Longest Common Subsequence (LCS) Algorithm¶

Algorithm Introduction¶

The Longest Common Subsequence (LCS) algorithm is a classic dynamic programming algorithm used to find the longest subsequence common to two sequences. Unlike the Myers diff algorithm which directly computes edit operations, LCS focuses on identifying shared portions between sequences. LCS has wide applications in bioinformatics, file comparison, version control systems, and natural language processing.

Algorithm Principles¶

LCS algorithm is based on these core concepts:

Subsequence and Common Subsequence¶

Subsequence: A new sequence derived from another sequence by deleting some elements (possibly none). For example, "ACE" is a subsequence of "ABCDE".
Common Subsequence: A sequence that is a subsequence of both input sequences. For example, "BC" is a common subsequence of "ABCD" and "XBCZ".
Longest Common Subsequence: The longest of all common subsequences.

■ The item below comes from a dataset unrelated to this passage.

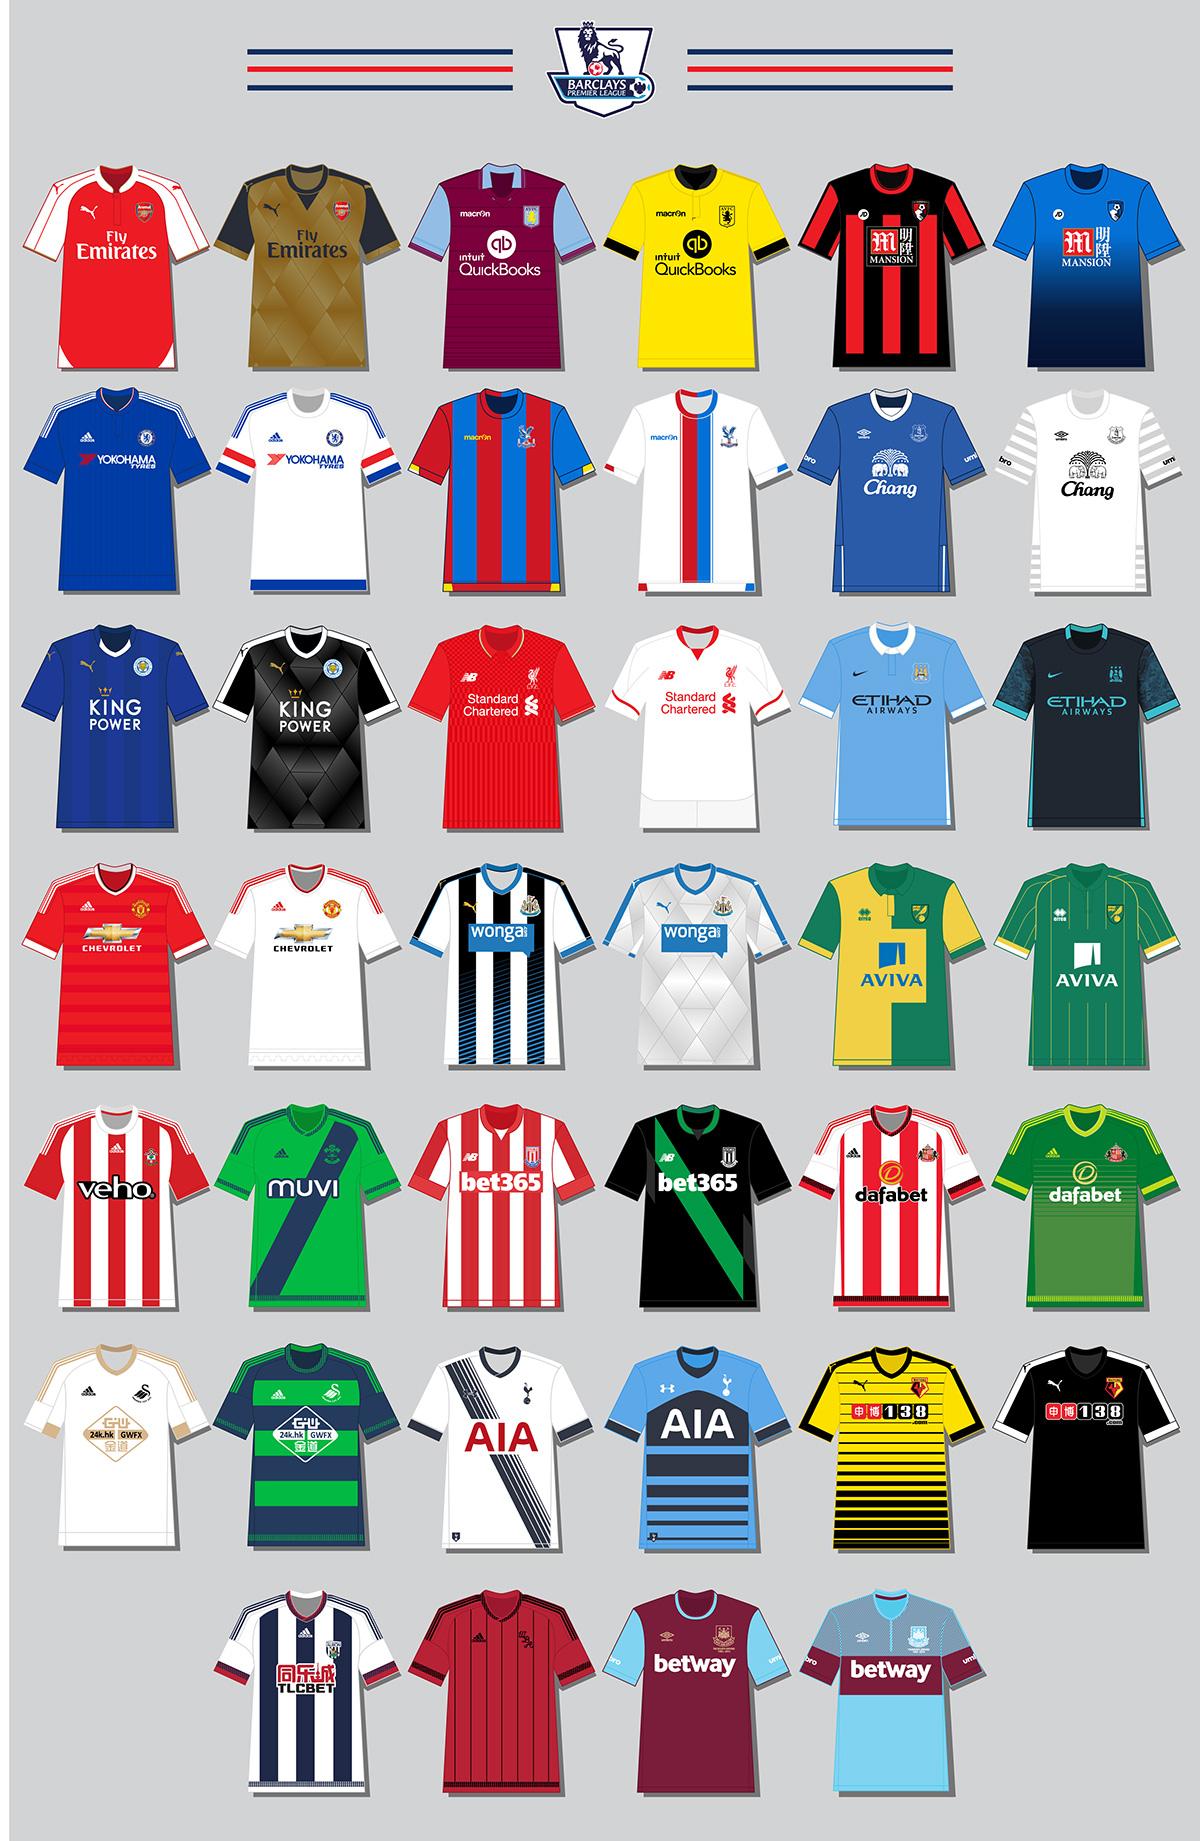 buy online 0957f e3115 2015/16 Premier League Team Kits on Behance
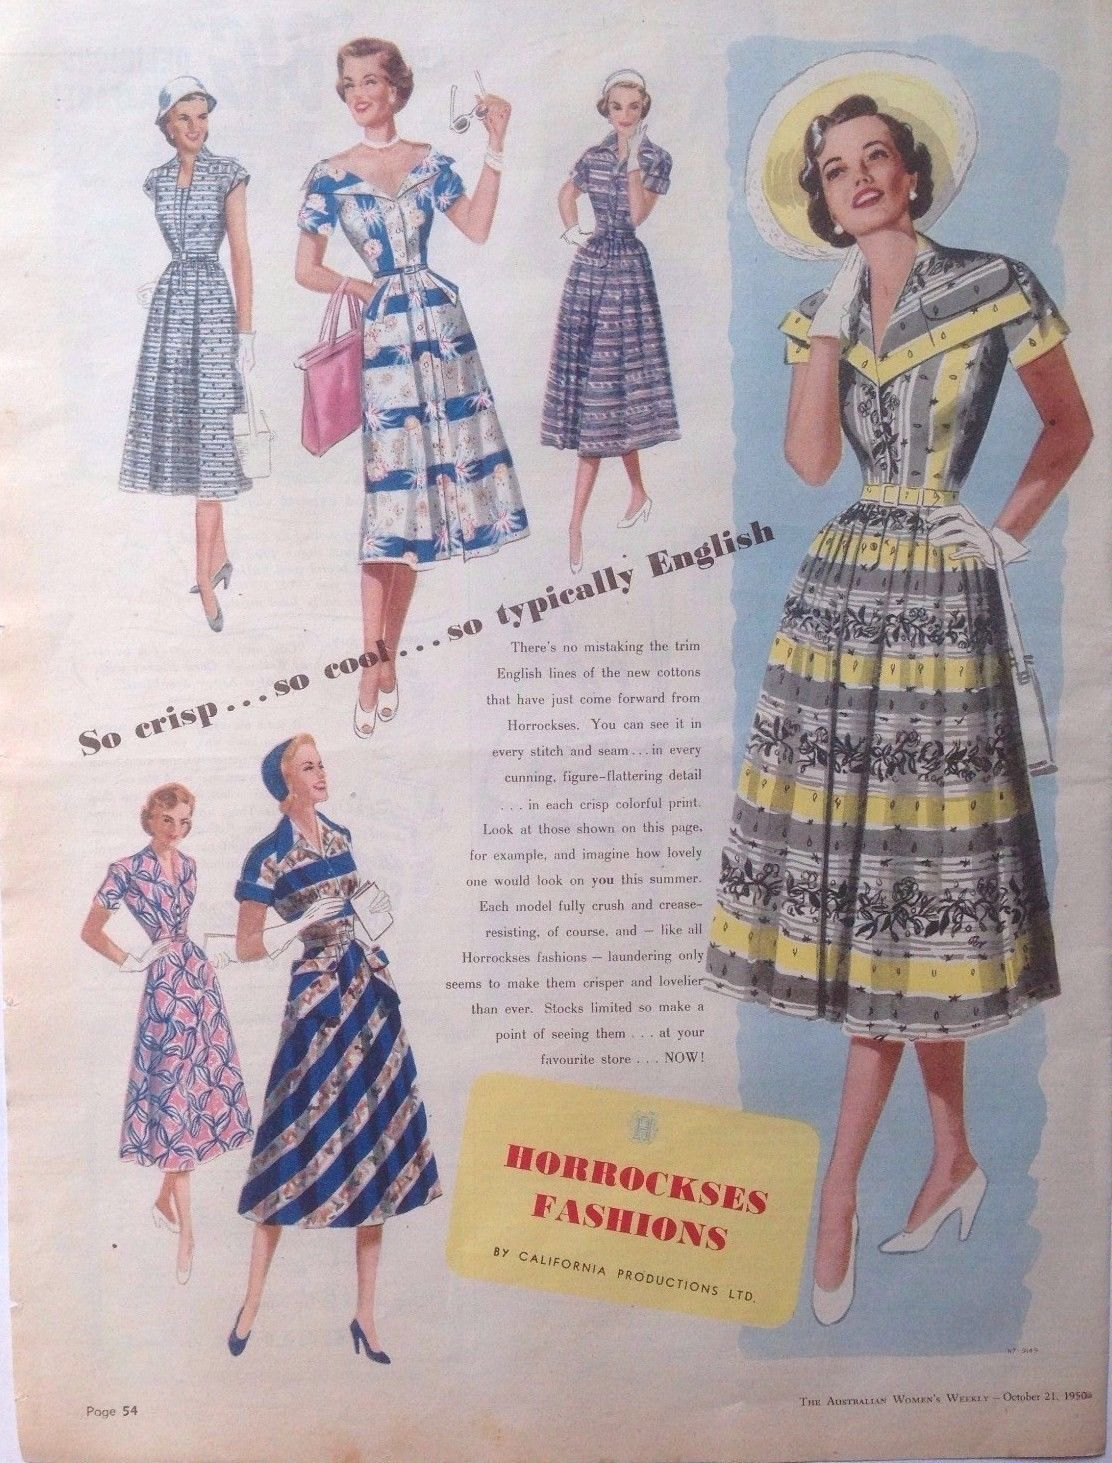 Original HORROCKSES FABRIC AD RETRO DRESS FASHION 1950 vintage AUSTRALIAN advert…

Dynamic Programming Approach¶

LCS uses dynamic programming by building a 2D table to store intermediate results:

State definition: dp[i][j] represents the length of LCS between first i elements of sequence A and first j elements of sequence B.
State transition:
If A[i-1] = B[j-1], then dp[i][j] = dp[i-1][j-1] + 1
Otherwise, dp[i][j] = max(dp[i-1][j], dp[i][j-1])
Boundary conditions: dp[0][j] = dp[i][0] = 0 (LCS length is 0 for empty sequences)

Algorithm Steps¶

Initialization:
Create a (n+1) × (m+1) 2D array dp, where n and m are lengths of sequences A and B
Initialize first row and first column to 0
Fill dp table:
For each position (i,j), 1 ≤ i ≤ n, 1 ≤ j ≤ m:
- If A[i-1] = B[j-1], then dp[i][j] = dp[i-1][j-1] + 1
- Else, dp[i][j] = max(dp[i-1][j], dp[i][j-1])
Backtrack to construct LCS:
Start from dp[n][m]
If A[i-1] = B[j-1], add this character to LCS and move to dp[i-1][j-1]
Else, move to dp[i-1][j] or dp[i][j-1] (whichever is larger)

Example Walkthrough¶

Let's understand LCS with an example. Suppose we have two strings: - A = "ABCBDAB" - B = "BDCABA"

Building dp Table¶

We build an 8×7 table:

    |   | B | D | C | A | B | A
----+---+---+---+---+---+---+---
    | 0 | 0 | 0 | 0 | 0 | 0 | 0
----+---+---+---+---+---+---+---
  A | 0 | 0 | 0 | 0 | 1 | 1 | 1
----+---+---+---+---+---+---+---
  B | 0 | 1 | 1 | 1 | 1 | 2 | 2
----+---+---+---+---+---+---+---
  C | 0 | 1 | 1 | 2 | 2 | 2 | 2
----+---+---+---+---+---+---+---
  B | 0 | 1 | 1 | 2 | 2 | 3 | 3
----+---+---+---+---+---+---+---
  D | 0 | 1 | 2 | 2 | 2 | 3 | 3
----+---+---+---+---+---+---+---
  A | 0 | 1 | 2 | 2 | 3 | 3 | 4
----+---+---+---+---+---+---+---
  B | 0 | 1 | 2 | 2 | 3 | 4 | 4

Backtracking to Build LCS¶

Start from dp[7][6] = 4:
1. A[6] = B[5] = 'A', add to LCS, move to dp[6][5]
2. A[5] = 'D' ≠ B[4] = 'A', dp[5][5] > dp[6][4], move to dp[5][5]
3. A[4] = 'B' = B[4] = 'B', add to LCS, move to dp[4][4]
4. A[3] = 'C' ≠ B[3] = 'A', dp[3][4] = dp[4][3], move to dp[3][4]
5. A[2] = 'C' ≠ B[2] = 'C', dp[2][4] > dp[3][3], move to dp[2][4]
6. A[1] = 'B' = B[0] = 'B', add to LCS, move to dp[1][0]
7. Reach boundary

Thus, LCS is "BBA" (reversed) or "ABB" (forward).

Animation Demo¶

Code Implementation¶

PythonJava

def longest_common_subsequence(a, b):
    """
    Compute the longest common subsequence between two sequences

    Args:
        a: First sequence
        b: Second sequence

    Returns:
        The longest common subsequence
    """
    n = len(a)
    m = len(b)

    # Create dp table
    dp = [[0] * (m + 1) for _ in range(n + 1)]

    # Fill dp table
    for i in range(1, n + 1):
        for j in range(1, m + 1):
            if a[i-1] == b[j-1]:
                dp[i][j] = dp[i-1][j-1] + 1
            else:
                dp[i][j] = max(dp[i-1][j], dp[i][j-1])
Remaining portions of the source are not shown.